Capturing CTCs


Circulating Tumor Cells or CTCs, have been recognized by scientists as potentially beneficial metrics for tracking a patient’s disease for some time, but these cells are difficult to find, because they are drowned out by billions of ordinary red blood cells and other cells found in the blood. With current technologies only recognizing a handful of cells from certain patients, developing ways to specifically concentrate and trap CTCs has been technically challenging,

However, in the new research conducted by University of Wisconsin-Madison Professor of Pharmacy, Seungpyo Hong and his collaborators, they have spent years of work in isolating these circulating tumor cells, or CTCs, by demonstrating better methods for their capture on clinical samples for the first time. Researchers were able to identify large numbers of the cells in cancer patients undergoing radiation therapy by forcing cancer cells to slow down and develop stronger molecular traps specific to CTCs.

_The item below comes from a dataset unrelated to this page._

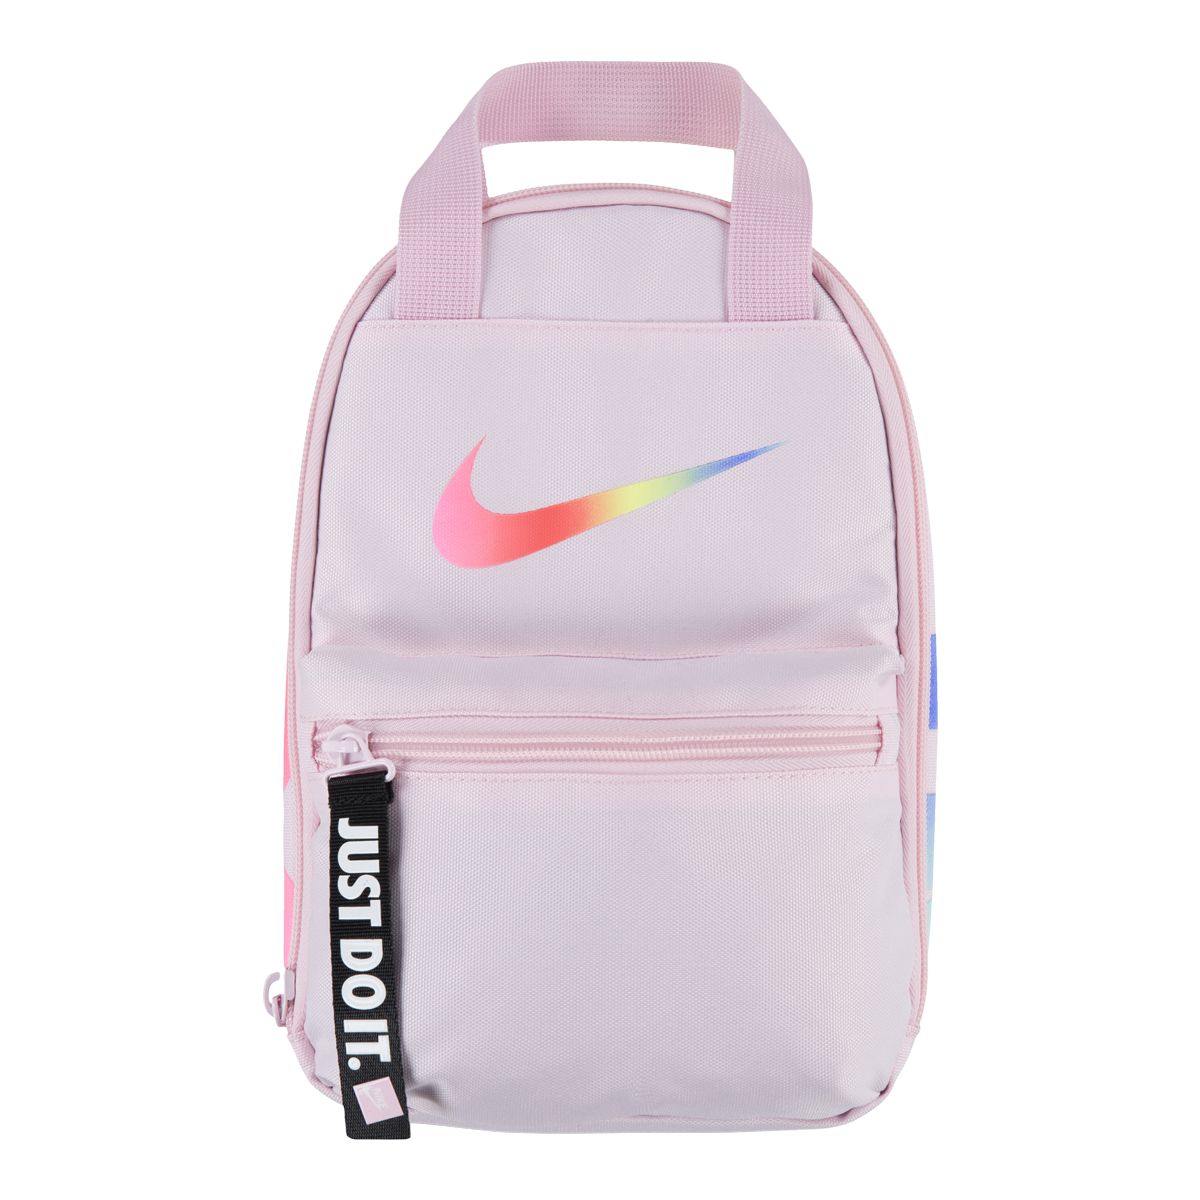 Nike Shine Lunch Bag

The CTC count drastically decreased during the therapy then bounced back  in the patients that ended up requiring additional treatment — signifying that the technology could supplement other techniques for tracking the progress of treatment.

The study was published last March 15 in the journal Clinical Cancer Research. Collaborators from the University of Illinois in Chicago, Duke University and Yonsei University in South Korea also contributed to the work, which was funded in part by the National Institutes of Health and the National Science Foundation.

Hong and his collaborator Andrew Wang of the University of North Carolina School of Medicine created a company named Capio Biosciences in 2015 to commercialize a new technology they call CapioCyte.

They were inspired by the behavior of CTCs in the blood, which attach themselves to blood vessel walls and begin tumbling along looking for suitable places to invade. This separates them from the cells carrying oxygen  and is replicated by CapioCyte technology using an array of sticky proteins that force the CTCs to roll, which slows them down.

The cells are then trapped by a series of antibodies, more specifically proteins that  bind and hold onto the CTCs. The researchers developed a nanoscale structure shaped a little like a tree, with each branch tipped with an antibody, to make the connection sturdier. When a cancer cell passes by, a lot of individual branches can latch on it, increasing the strength of the attachment.

Though the cell count did not correlate with the stage, and thus severity, of the cancer, the reduction in cells was correlated with positive radiation therapy. CTC numbers came back up in two out of three patients that had repeated or persistent disease.

“Our data suggest that we have a good chance of making CTCs a predictive biomarker or biomarker for surveillance for at least a few cancers, and that’s always exciting,” says Wang.